You won’t be surprised to hear that it is based on Jesus’s parable we call ‘The Prodigal Son’ although in many versions of the bible, it is called the Parable of the Lost Son. It’s in Luke 15:11-32. You may want to read it again.
Keller’s supposition is that there are two lost sons and that it is the father who is Prodigal.
The first son demands his inheritance and goes to party central indulging all his whims and fancies. This is a choice of great shame to his father as it disrespects his authority and desires for his son. Only when the money runs out, does the son realise that he would be better off back home. He knows that he has no right to be taken back on the same terms. However, his father astounds him by running to meet him – again putting aside his dignity as the patriarch of the family – and welcoming him back to the position he always had within the family.
For some of us, this is how we came to know God. We know we wilfully turned away from God and that it was him running to meet us, welcoming us back and offering us inclusion and acceptance without demands or conditions. It fills our heart with amazement and with joy and excitement.
For those of you who like me have always felt a little sorry for the second son, Keller would say that he is equally lost. Yes, he’s stayed home and done everything he’s been expected to, but he’s done it with a good dollop of resentment in his heart – out of duty. At the bottom, he feels his father owes him. His father also comes out to him and in this case takes time to persuade and encourage his son to see things differently – to join in the joy that his brother is home. Even though he will have to move over a bit to give him space in the family again. Space that the elder brother doesn’t feel he deserves.
For those of us who were brought up in a Christian home who have never done anything wild or outrageous but have tried to follow the teaching of the Bible, we need to look in our hearts and ask why we try to live well. Are we trying to earn our place with God? Do we feel God owes us? When our lives are difficult, do we feel God is letting us down and it’s not fair after all we’ve done for Him?
Just before this parable are the parables of the Lost Sheep and the Lost Coin when someone searches high and low for something that is lost. In the Parable of the Lost Sons, no-one goes searching. Was that what the elder son should have done?
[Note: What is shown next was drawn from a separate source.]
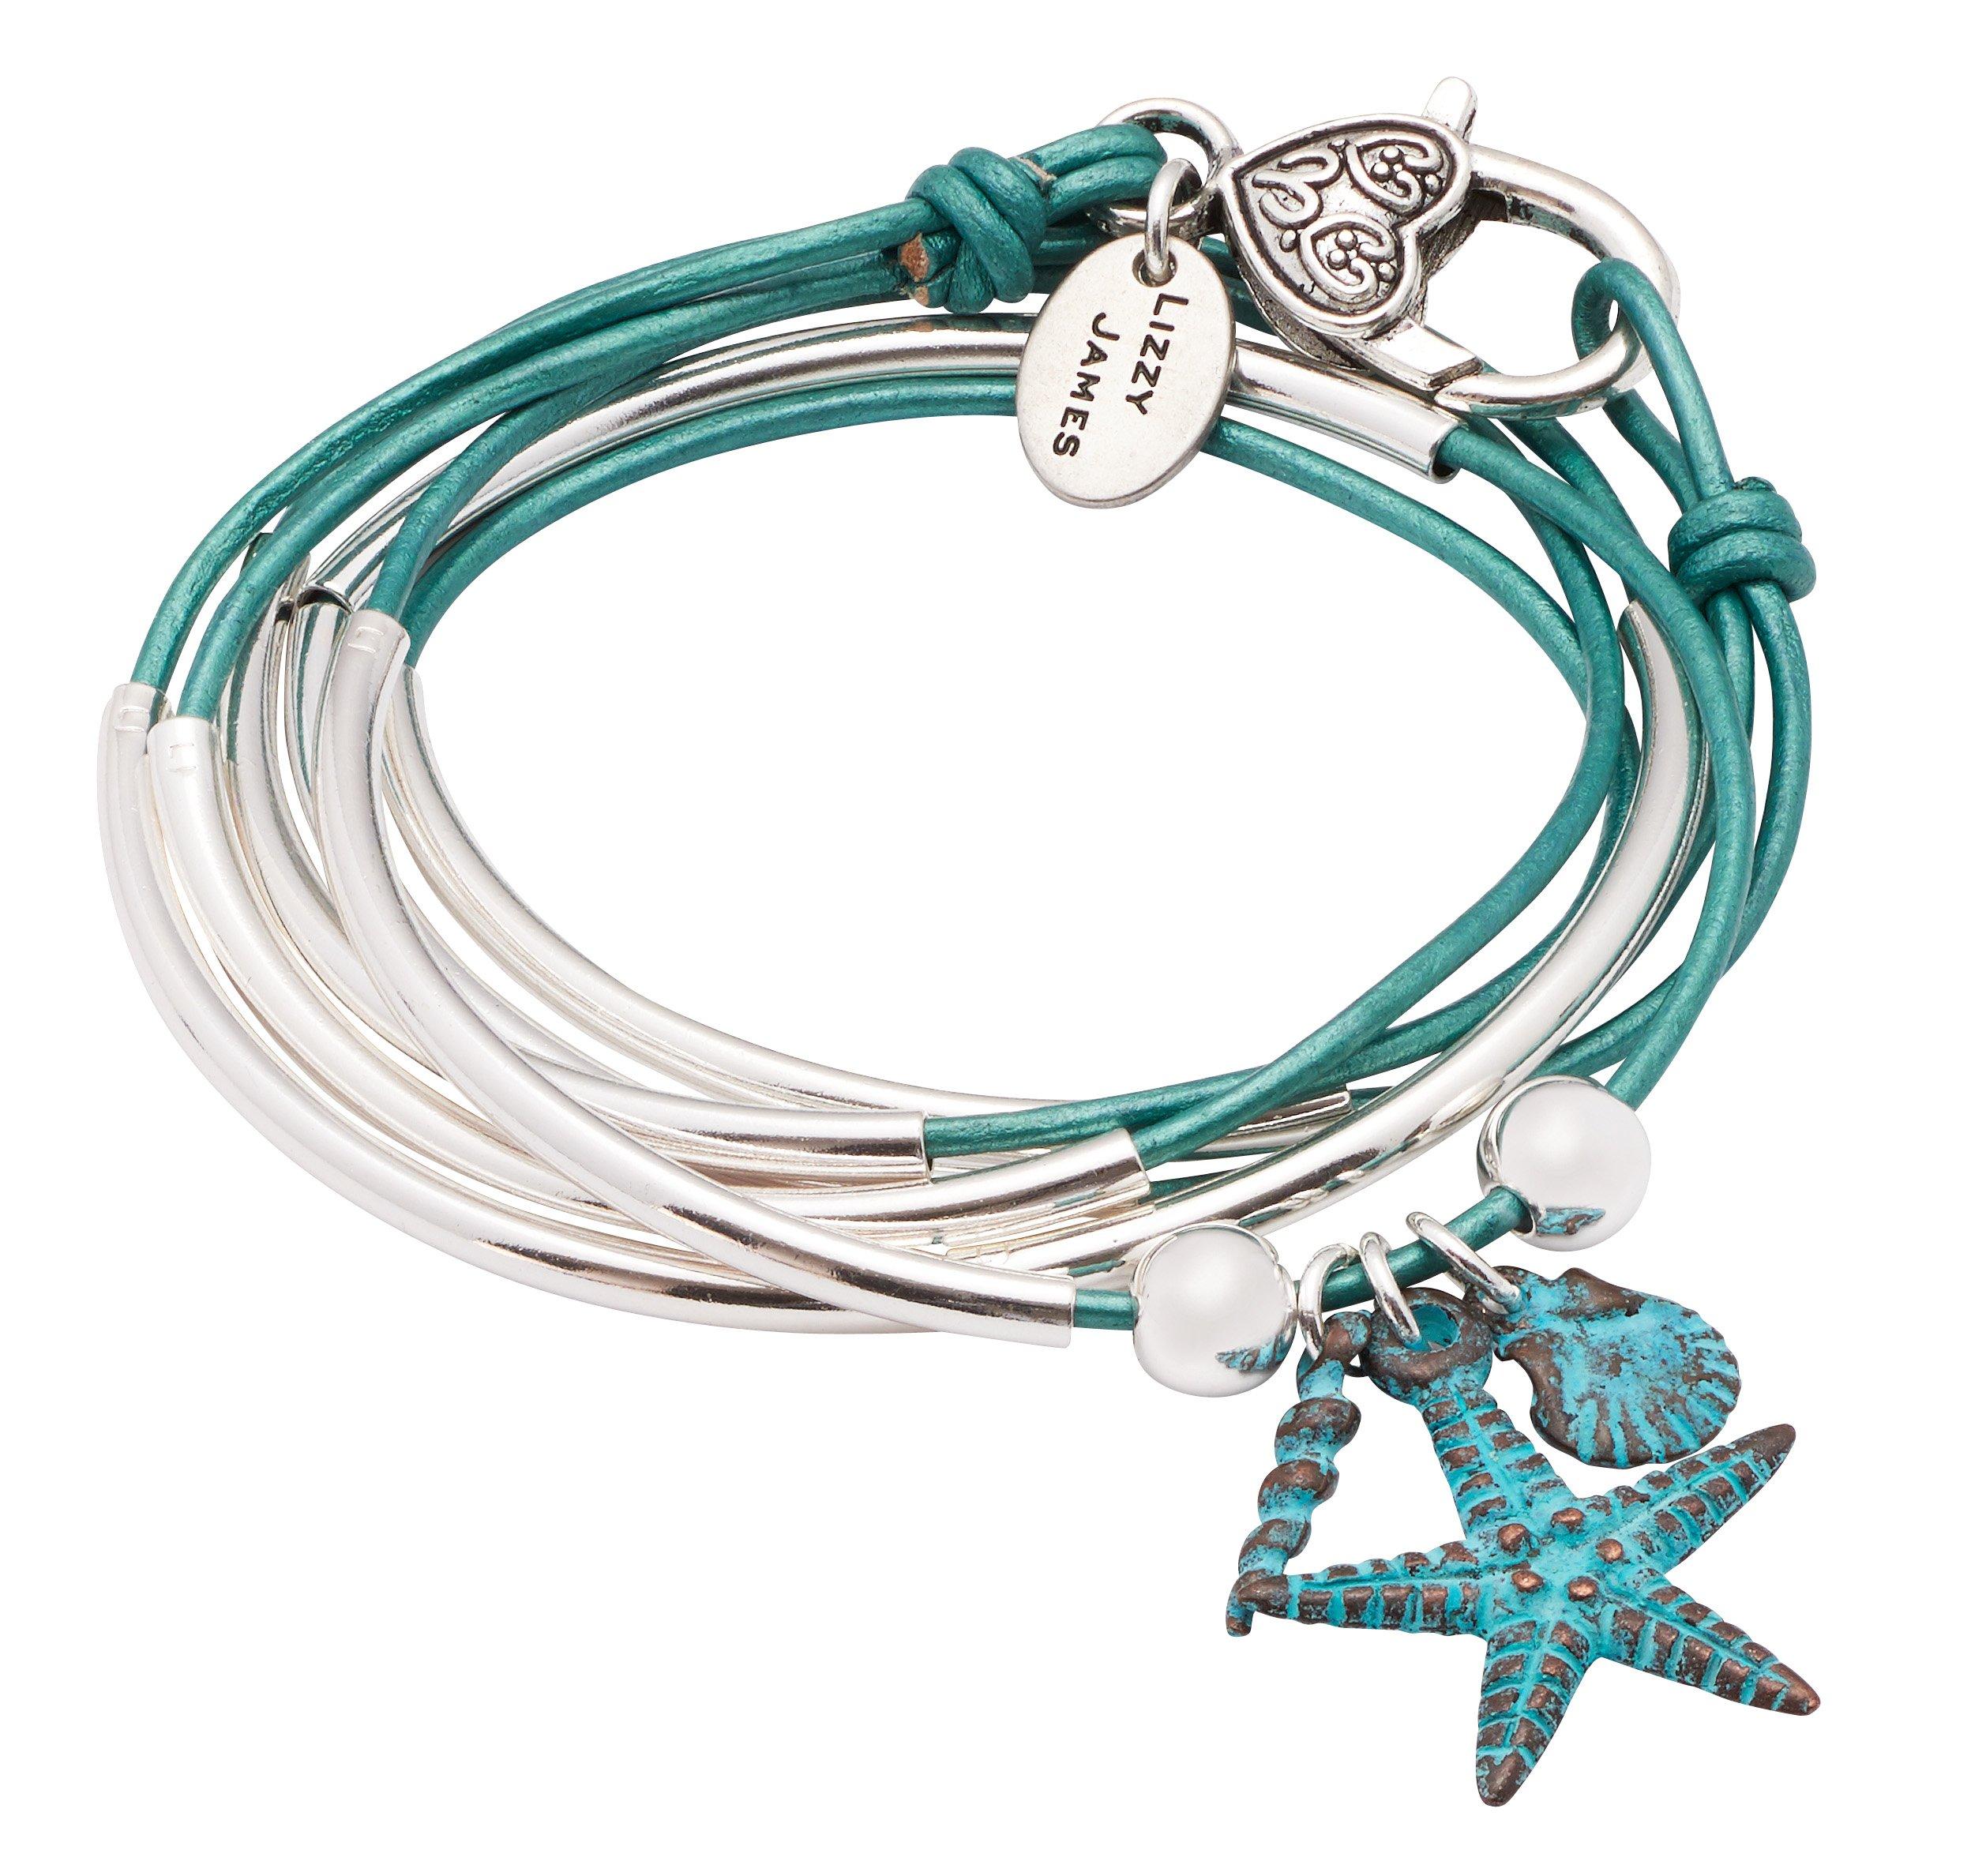 Lizzy James Girlfriend Wrap Silverplated 2 Strand Metallic Teal Leather Wrap Bracelet with Nautical Teal Charm Trio (Medium)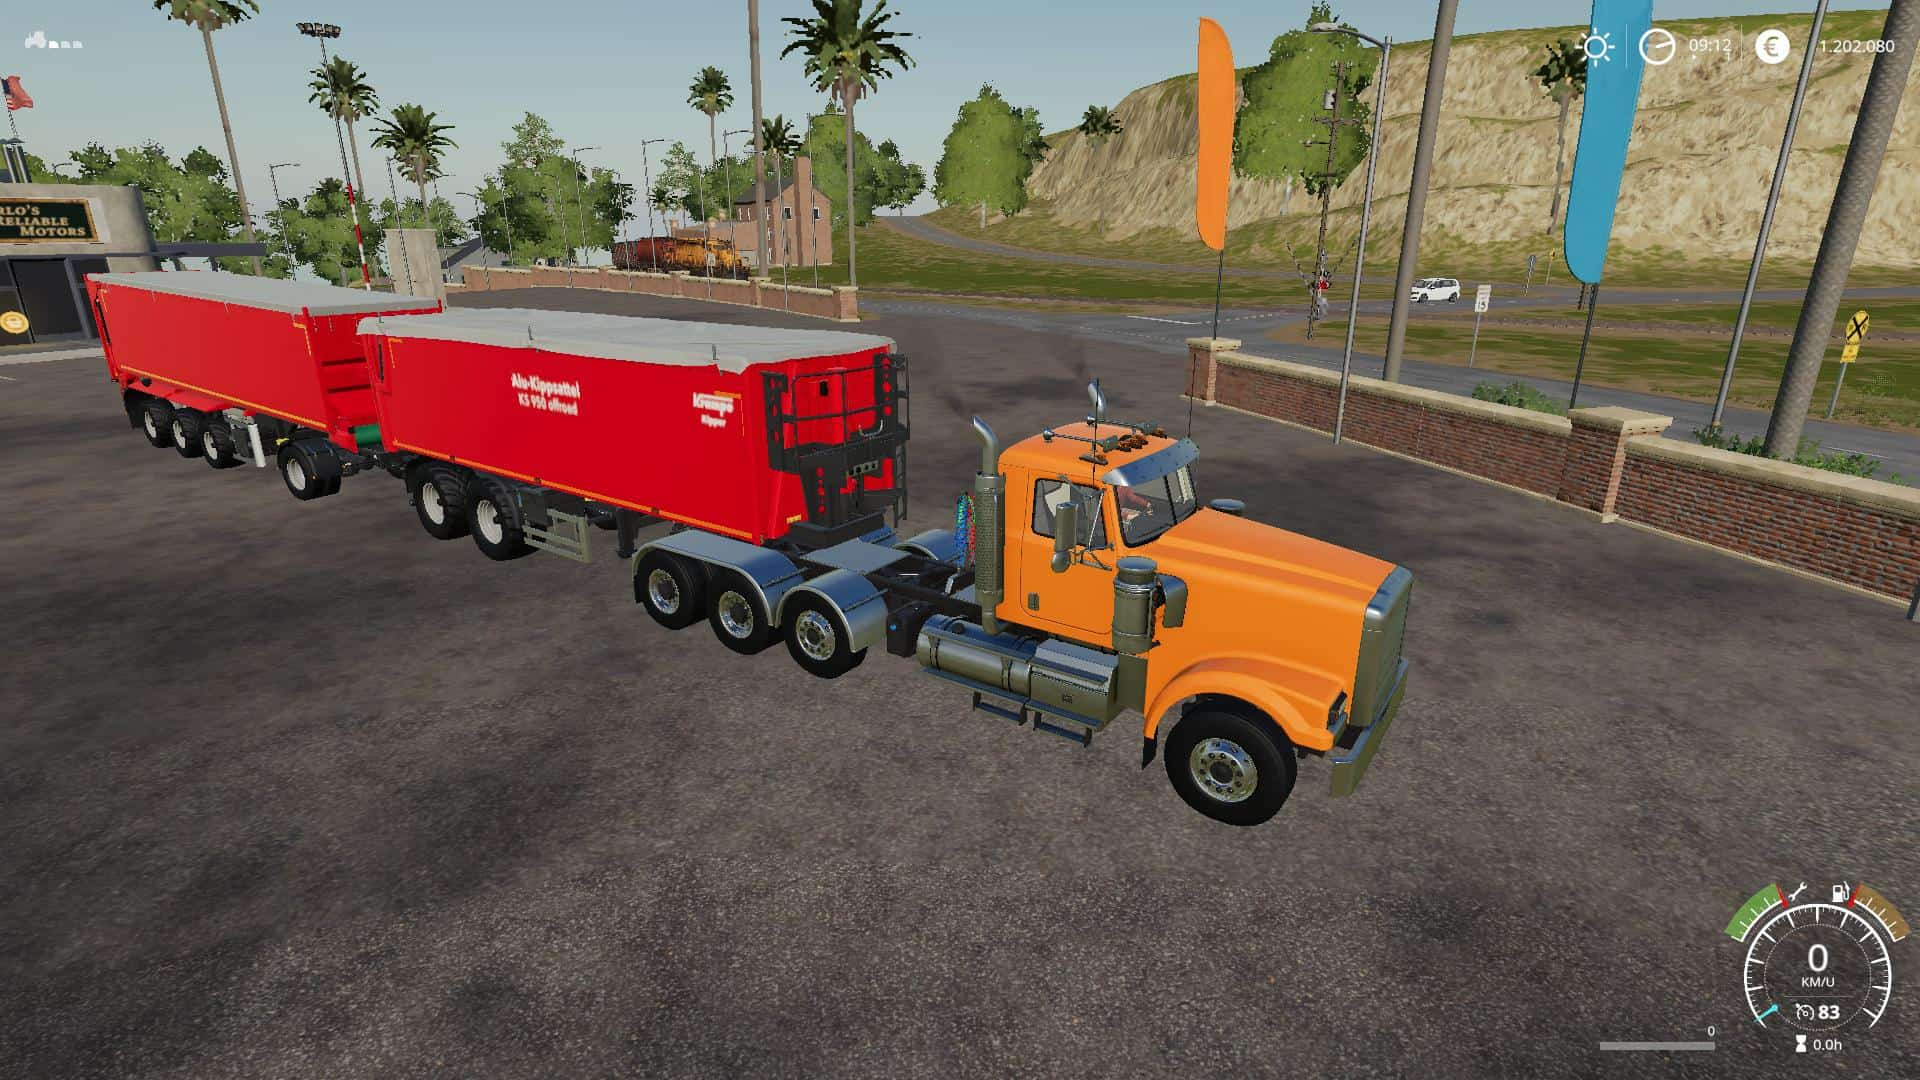 FS19 Lizard Trucks v1 0 0 3 - Farming simulator 2019 / 2017 / 2015 Mod

Should he have taken the cost and hardship of going to seek for his younger brother?
Fortunately for all of us, Jesus has already come and taken the cost and hardship for when we get lost or choose badly. He is perpetually seeking us out and longing for us to love our Father God – not because there is anything we can do for him but because of what he has done for us. When we really take that on board, our hearts are filled with joy and gratitude and we start partying even now at the greatest feast there will ever be.